Иногда Тина надолго умолкала и просто наблюдала за работой кисти.

— Даже не верится, что на моих глазах творится чудо, — проговорила она.

Зейна на миг обернулась и улыбнулась ей. Её сердце оттаивало при виде дорогих глаз, высвобождалось из заскорузлой корки, наросшей на нём.

Обед ей всегда приносили в мастерскую. Вот и сейчас вкатили столик, а там — первое, второе, третье, да ещё удвоенными порциями... И фрукты, и чай, и печенье с конфетами, и даже «мамин» тыквенно-апельсиновый джем к поджаренному хлебу с маслом.

— Ого, — восхитилась Тина. — Неплохо тут кормят!

— До завтрашнего обеда больше ничего не будет, я ем один раз, поэтому и много, — засмеялась Зейна. — Но всё это в меня не влезет, а больше отвлекаться на еду я не собираюсь, так что присоединяйся, помогай уничтожить эту гору еды. Не пропадать же такому добру!

Тина просияла улыбкой:

— Это мы с удовольствием!

Обедали они, сидя рядом на обтянутой кожей жёсткой кушетке на металлических ножках, чей худосочный остов напоминал старую, отощавшую и облезлую лошадь. Зейна съела первое блюдо, Тина — второе, третье они разделили на двоих, поделили и сладости. Тина вонзала крепкие зубы в хрустящий хлеб с маслом, прихлёбывая чай; Зейна надкусывала конфеты, а оставшиеся половинки клала ей в рот.

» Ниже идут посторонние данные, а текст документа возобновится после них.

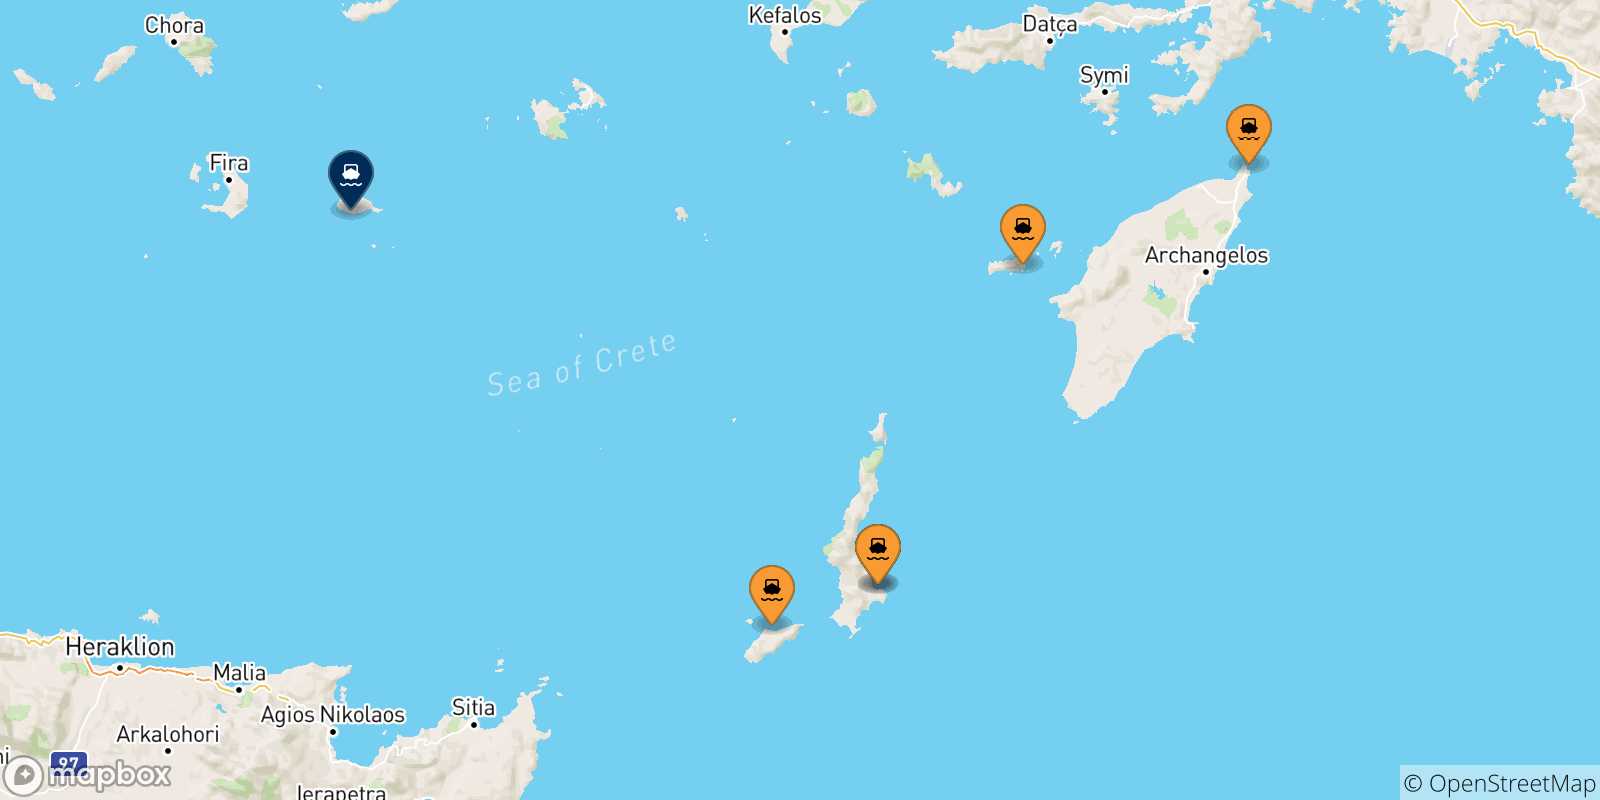 Mappa delle possibili rotte tra le Isole Dodecaneso e Anafi

— С детства так люблю — хлеб с маслом вприкуску с конфетами, — сказала Тина. — М-м, объеденье! Зейна, ты фрукты кушай... — Она кивком показала на изящную стеклянную миску, в которой красовались яблоки с грушами и крупный чищеный фундук. — Тебе это полезно. Ты тут вкалываешь похлеще, чем мы там воюем. А ещё обязательно попроси шоколад, раз уж тут тебя кормят так шикарно и ни в чём не отказывают. Думаю, дадут. Очень рекомендую: и силы восстанавливает, и голова лучше работает. Нам по плитке через день выдают. Вкусный такой, с изюмом и орехами.

Было что-то уютное, чарующее в этой совместной трапезе, где всё — пополам. Увы, час, отведённый на обед, истекал.

— Тинок, я ещё повоюю, — сказала Зейна, возвращаясь к холсту и забираясь на табурет с подставкой для ног.

— Давай, боец ты наш невидимого фронта, — улыбнулась Тина. — Не буду тебе мешать. Я просто посмотрю тихонько.

Зейна углубилась в работу и очнулась только часа через два. В мастерской была тишина. Тина, устроившись на кушетке и положив под обросшую ёжиком голову свёрнутую кожаную лётную куртку, сладко спала. Зейна усмехнулась: сморило бедненькую после такого-то знатного обеда! Полюбовавшись ею с тихой и счастливой нежностью в сердце, художница вернулась к работе.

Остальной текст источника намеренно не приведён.